You do a 10 shot doubles strings (5 doubles) with each combination of possible changes in your grip, trigger finger placement, and engagement. Since you can't tell ahead of time which of these variables can be safely merged as a single contributing variable, you need to test them all independently of one another, which leads to a multiplicative combination of all possibilities in order to actually get enough data to do a factor analysis to identify what actually does and does not contribute the highest statistically significant predictive power towards "good shooting."
Assuming you can come up with a time and score based metric that you're happy with to evaluate each combination, then you simply vary each variable independently of the others until you have tested them all, trying to hold energy and mental focus constant to avoid introducing those as a variable.
So, some variables would be:
- Degree of grip strength (4 possibilities)
- Amount of wrist lock on the pinky side (On or Off, 2 options)
- Grip position of the hands (4)
- Support hand placement (2 or 3)
- Sideways pressure on the gun (2 or 3)
- Clamshell pressure or not (2)
- Elbows up or down
- Push pull light or heavy (2)
- Horizontal isometric tension or not (2)
- Bicep and Tricep pre-engagement to lock the elbows (2)
- Locking the elbows out or bent (2)
- Degree of lean of the body (2 or 3)
- Feet position (2)
- Engagement of the shoulder girdle and upper body to lock the shoulders and/or apply tension in the upper body during firing (2)
- Trigger finger placement (3)
- Degree of trigger pin (2)
- Snatch or Slack trigger approaches (2)
- Degree of shoulder elevation (2)
- Head angle (2)
- Degree of finger engagement up and down the hands (3x3)
- Degree of muscular engagement in the core (2)
- Degree of engagement with the thumbs (2)
It's nothing more than basic scientific and statistical practice and high school combinatorics.

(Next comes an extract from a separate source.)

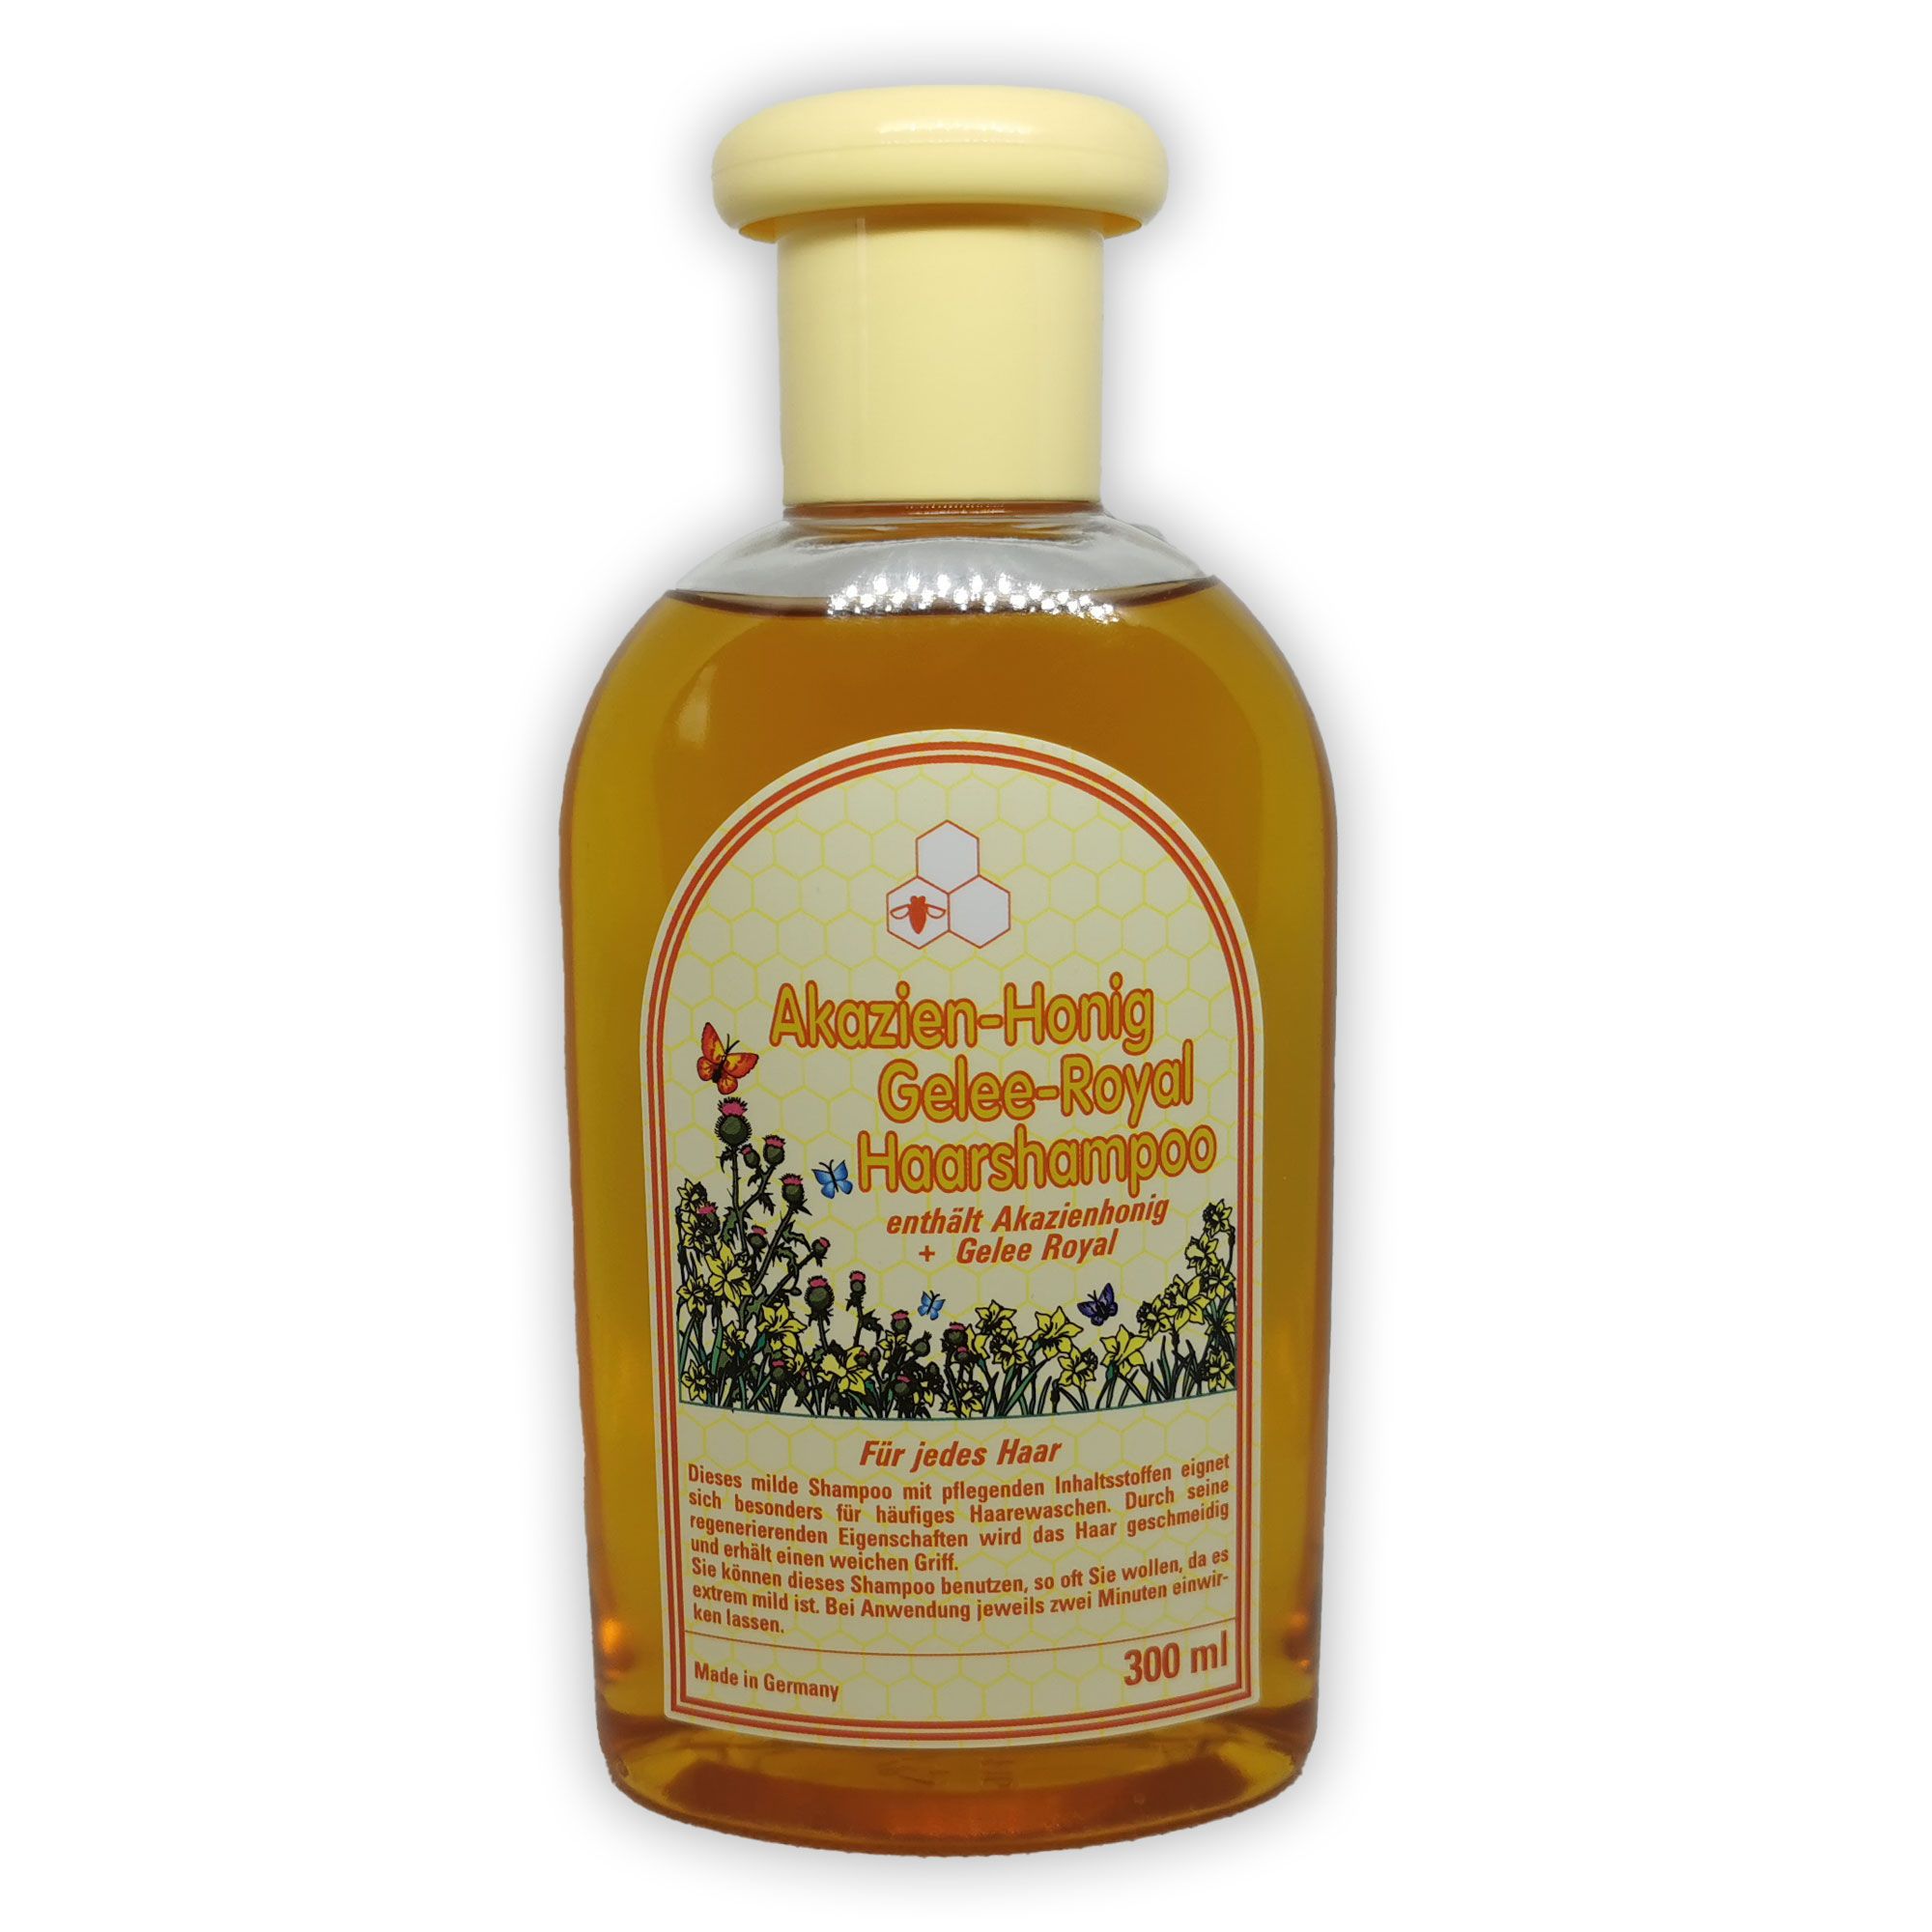 Akazien-Honig Gelee-Royal Haarshampoo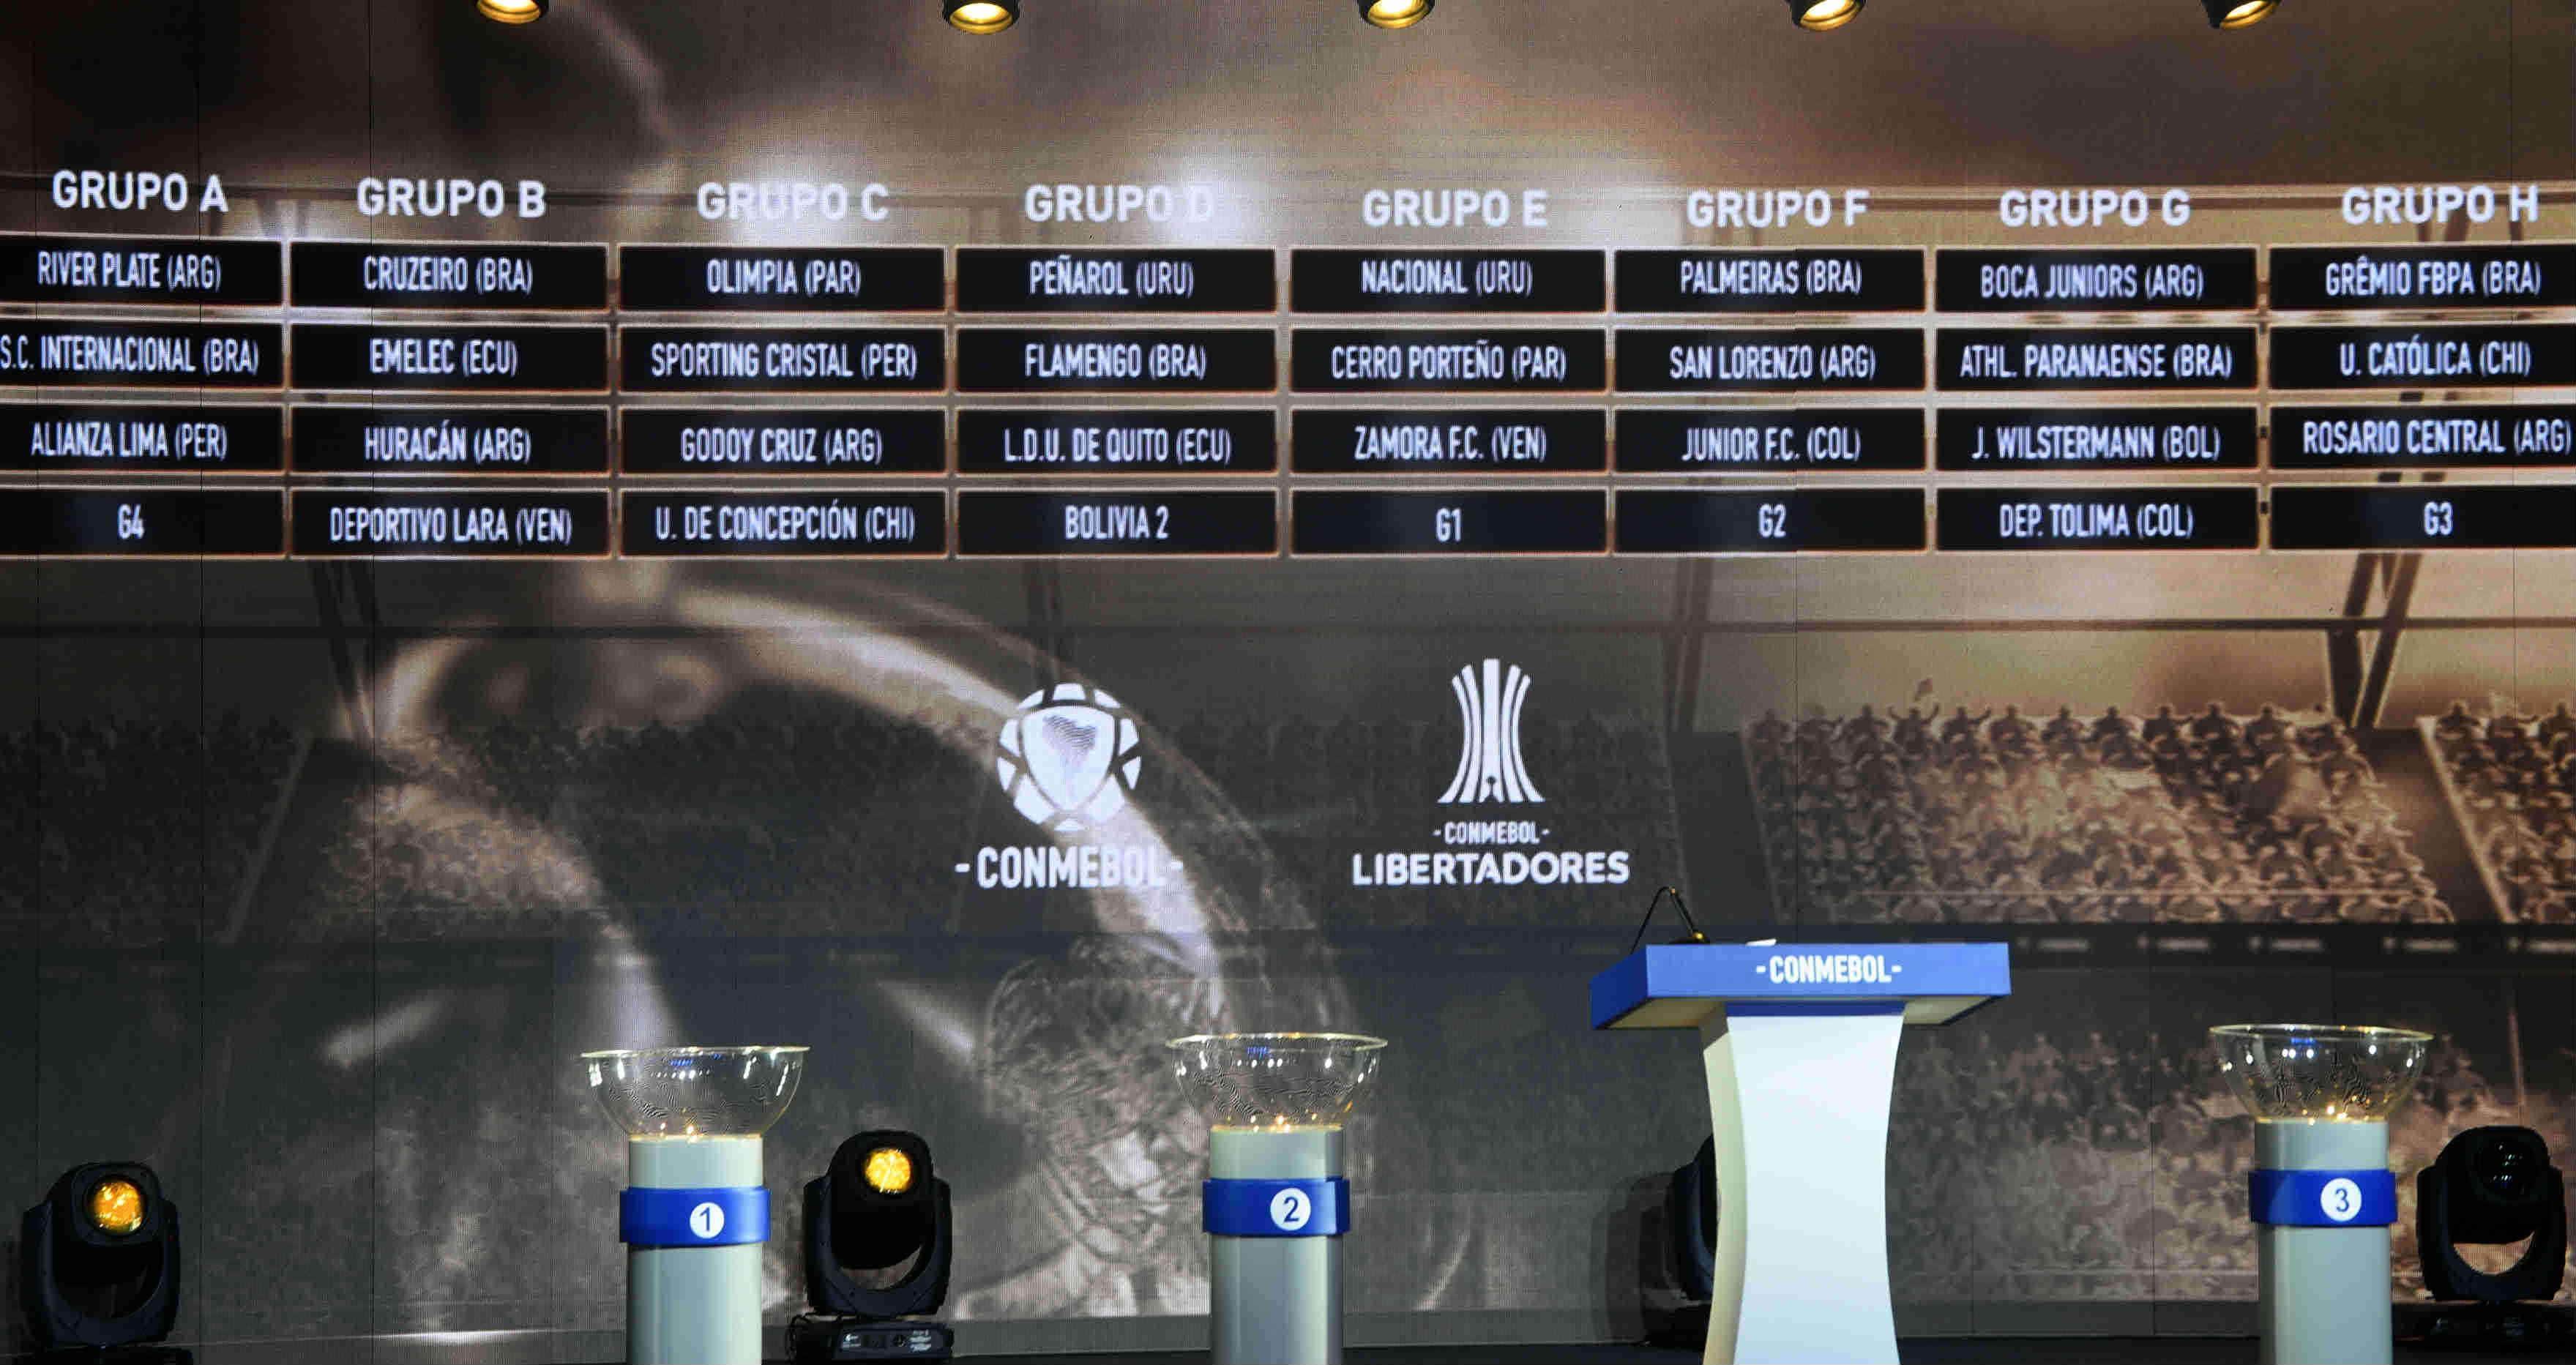 Conmebol Libertadores 2019

Obviously people don't do this. Instead, they try things based on intuitive triggers that play with a number of these variables at once and then figure out what appears to work for them and what doesn't based on rough timings. I doubt that many people in their timings have done statistical timings to determine the significance of the change they made and determine the variance in their behaviors in order to tell whether a change was the result of something that they think was causing it or whether it might have been something else.
But that's the nature of human performance. It is exceptionally difficult to quantify and analyze. Moreover, the people who are good at performing often aren't sure why they are doing something, which makes it hard.
ETA: the above list is just a simple off the top of my head collection of the various different elements of shooting that various top trainers I have watched, read, or observed have said or mentioned in regard to the gripping and recoil control process.